Another in a long tradition of academic looks at the news industry landed last week with considerable attention among the new media community.
The Post-Industrial Journalism report from NYU’s Clay Shirky, Columbia’s Emily Bell and CUNY’s Chris Anderson has been far better dissected, in greater detail, by the Nieman Lab’s Josh Benton, so I’ll leave it to him. (Kindly Technically Philly is briefly mentioned in the report as a leaner version of journalism purveyors of today)
Instead, I wanted to share my three biggest concerns about journalism academia, as I had shared with Anderson this summer following a conversation I was a part of with the three authors and others at Columbia.
There are three big fears that I hold about the future of ‘journalism’ and I tried to express them during our conversation:
- We are focusing our intellectual capital on big, national or international organizations (mostly New York based). It’s a bubble that doesn’t much relate to the kind of local journalism that is most at risk (or is most missing the chance to finally exist) and more directly impacts most of the world (and this country).

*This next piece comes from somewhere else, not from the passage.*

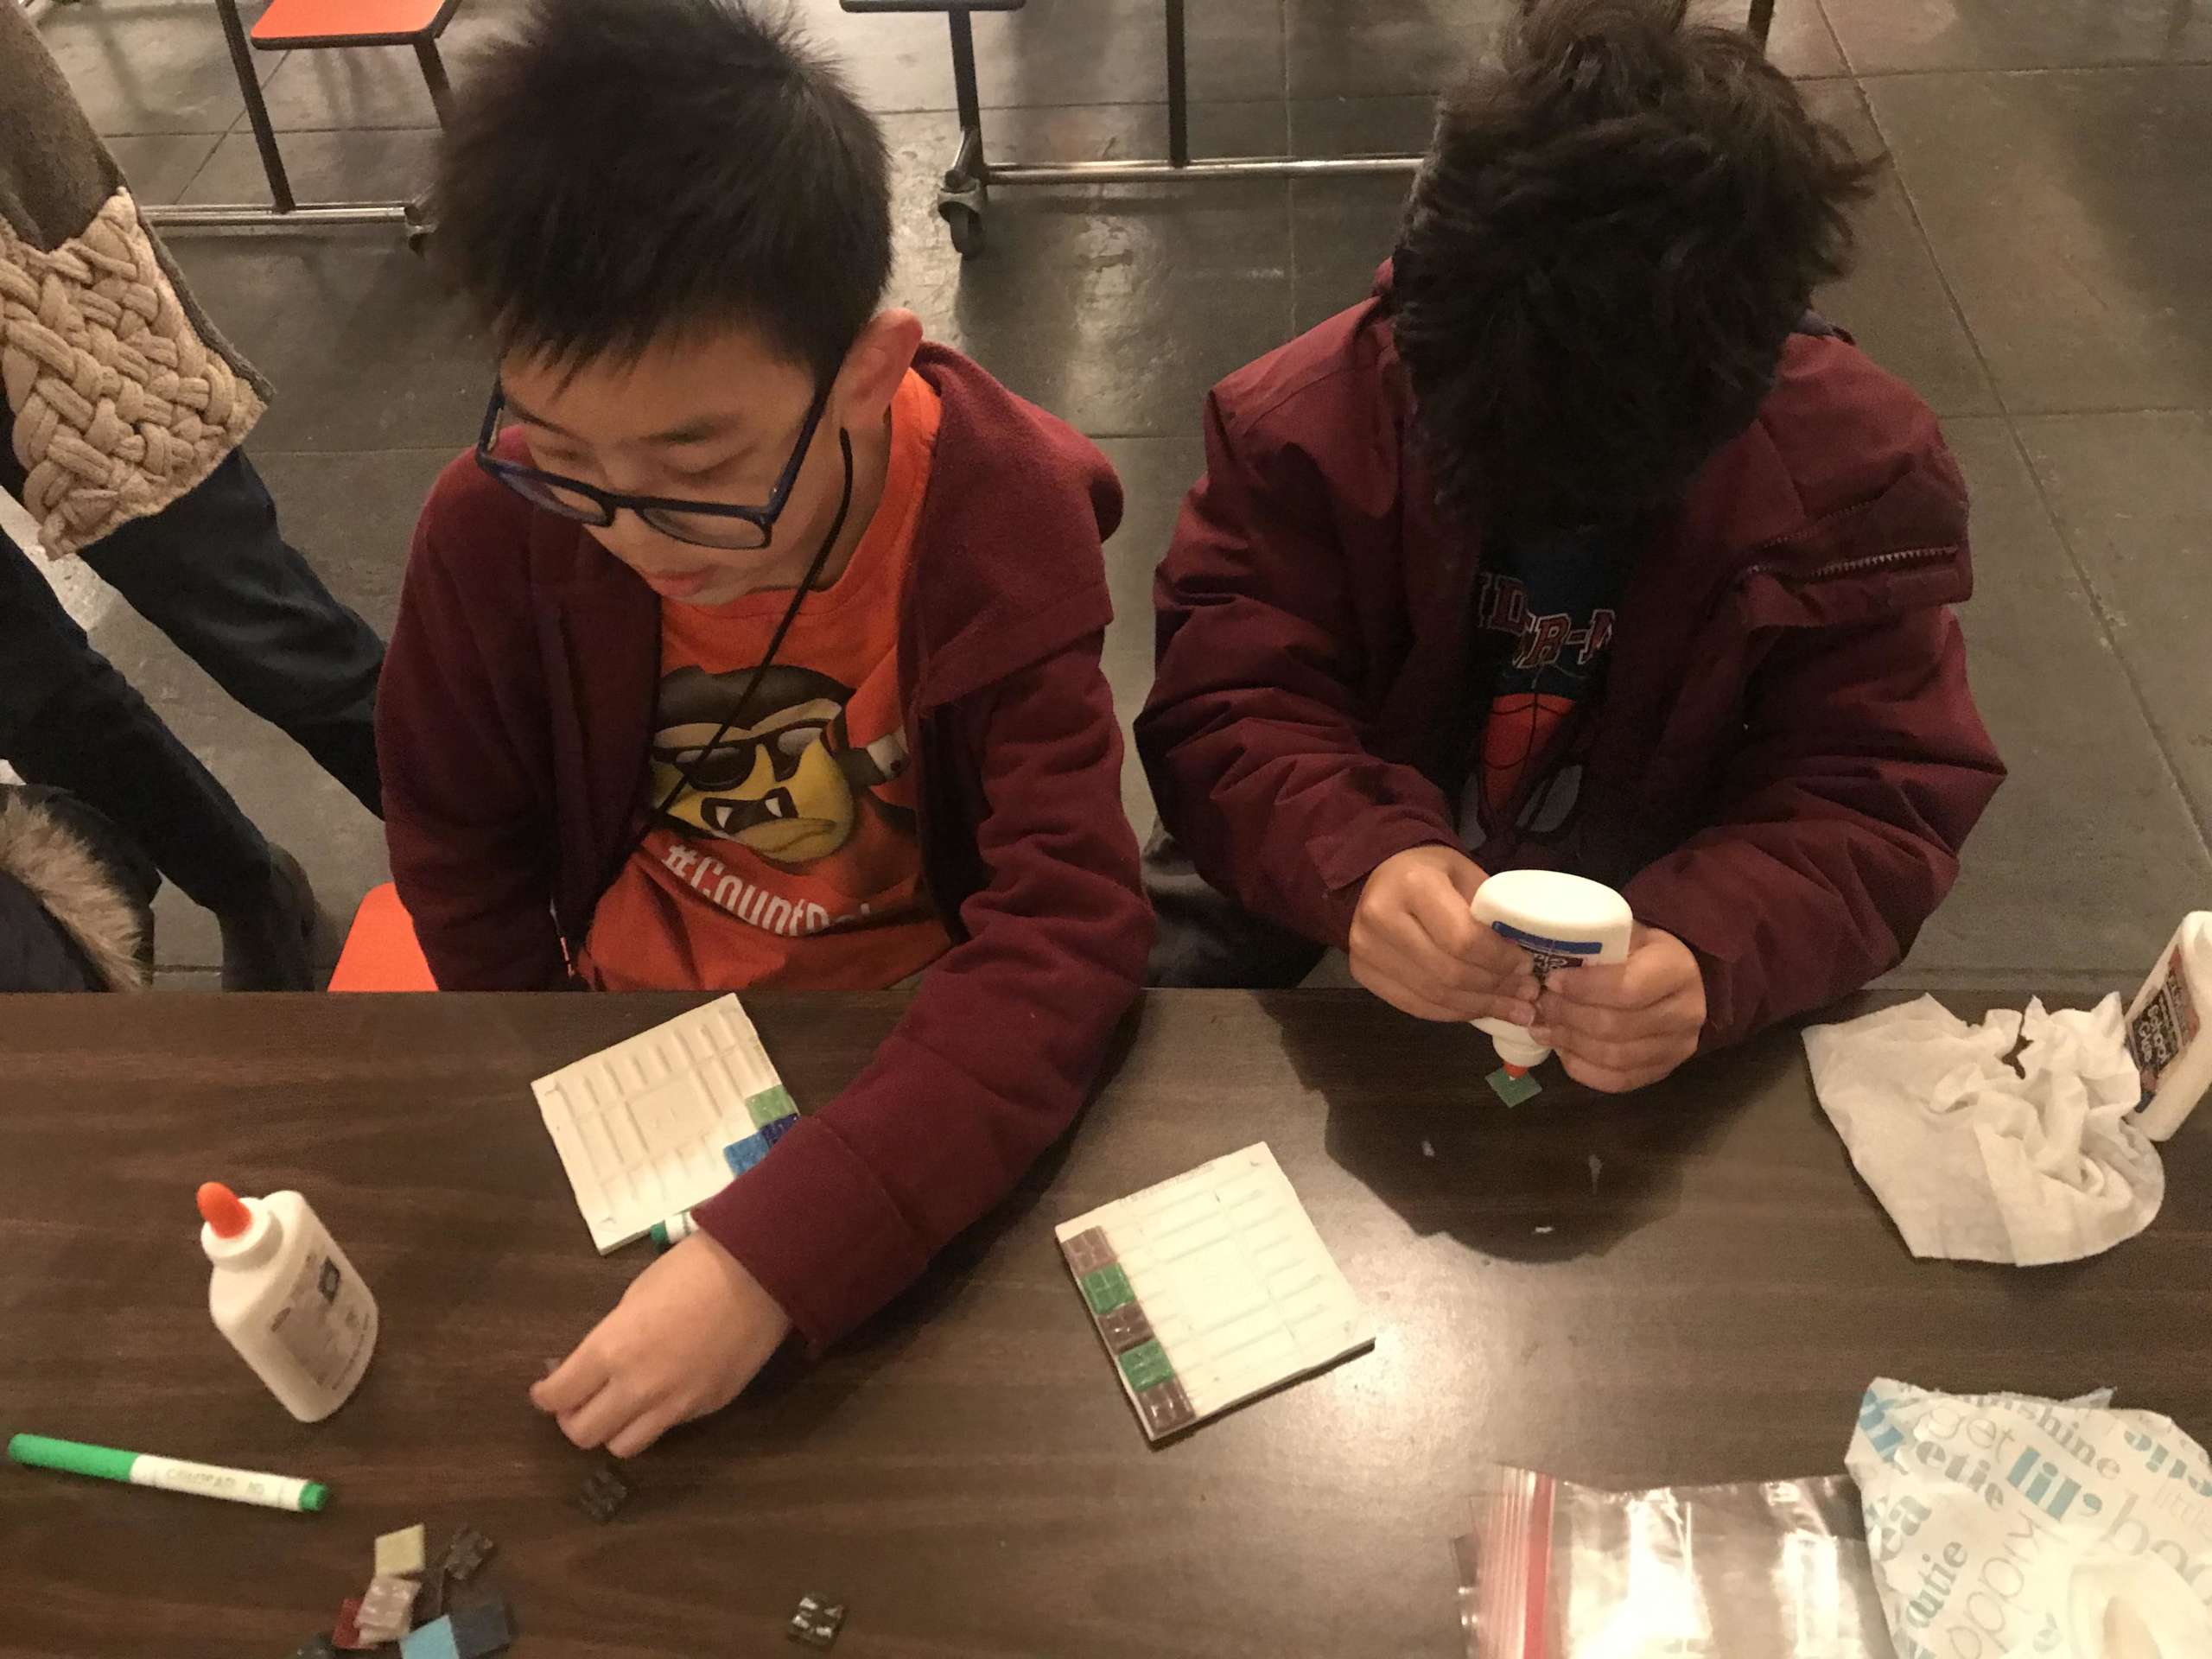 Two students glue together mosaics.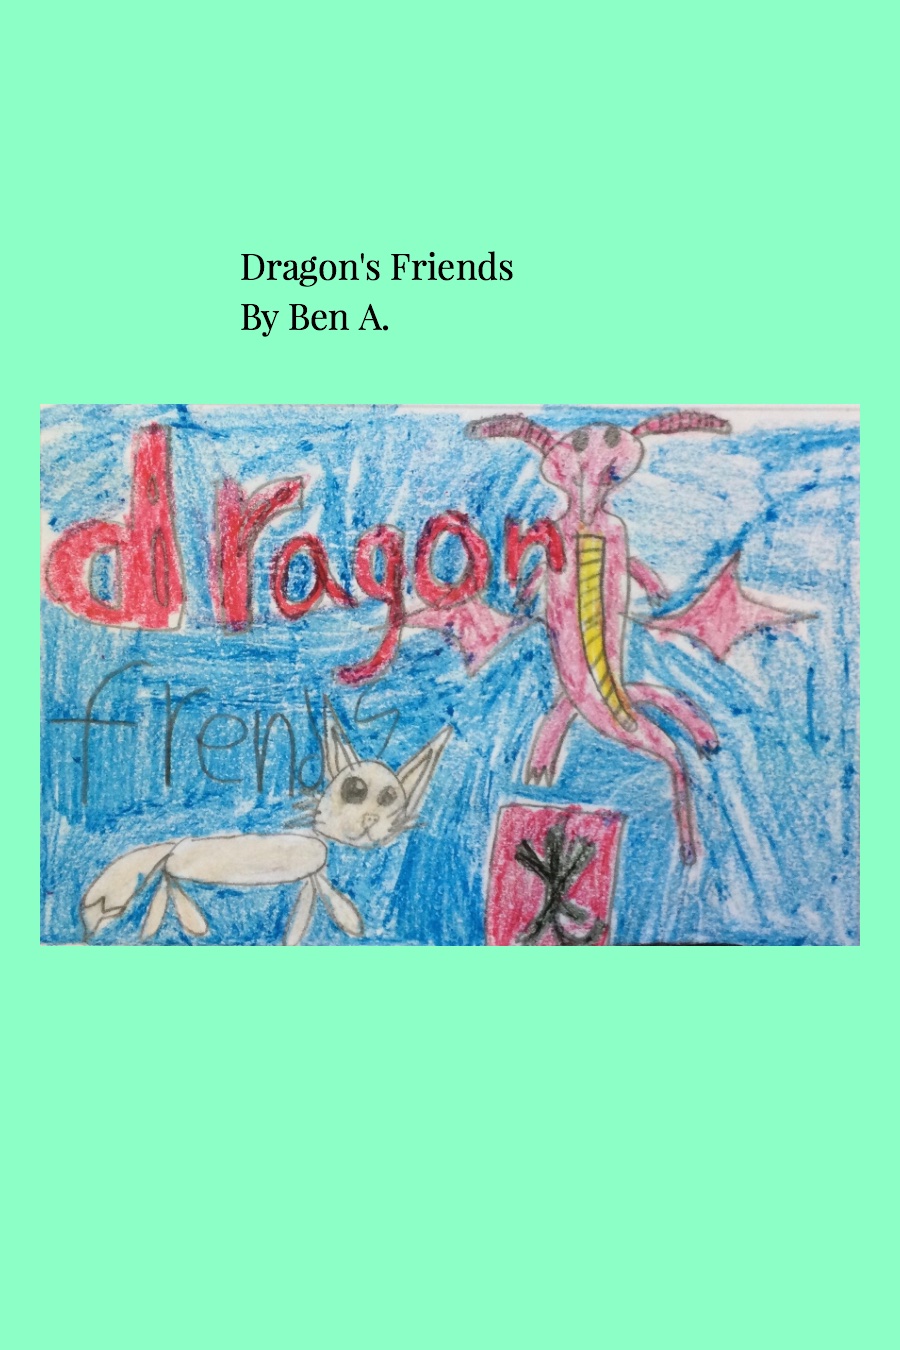 Dragons Friends by Ben A

- We are too focused on mostly traditional-looking news organizations, even like Technically Philly, while the real competition is with all of the organizations taking away possible revenue from journalism creators, which is something I recently wrote about.
- We are not focused enough on pushing for the journalism mission onto those with the audience, which relates to the above, but also thinks about how mission-minded nonprofit, political opposition research and other wide-ranging organizations with agendas of their own are part of the process. i.e. Random acts of journalism can be created by anyone, so perhaps there is value in offering some encouragement for or research on more of them.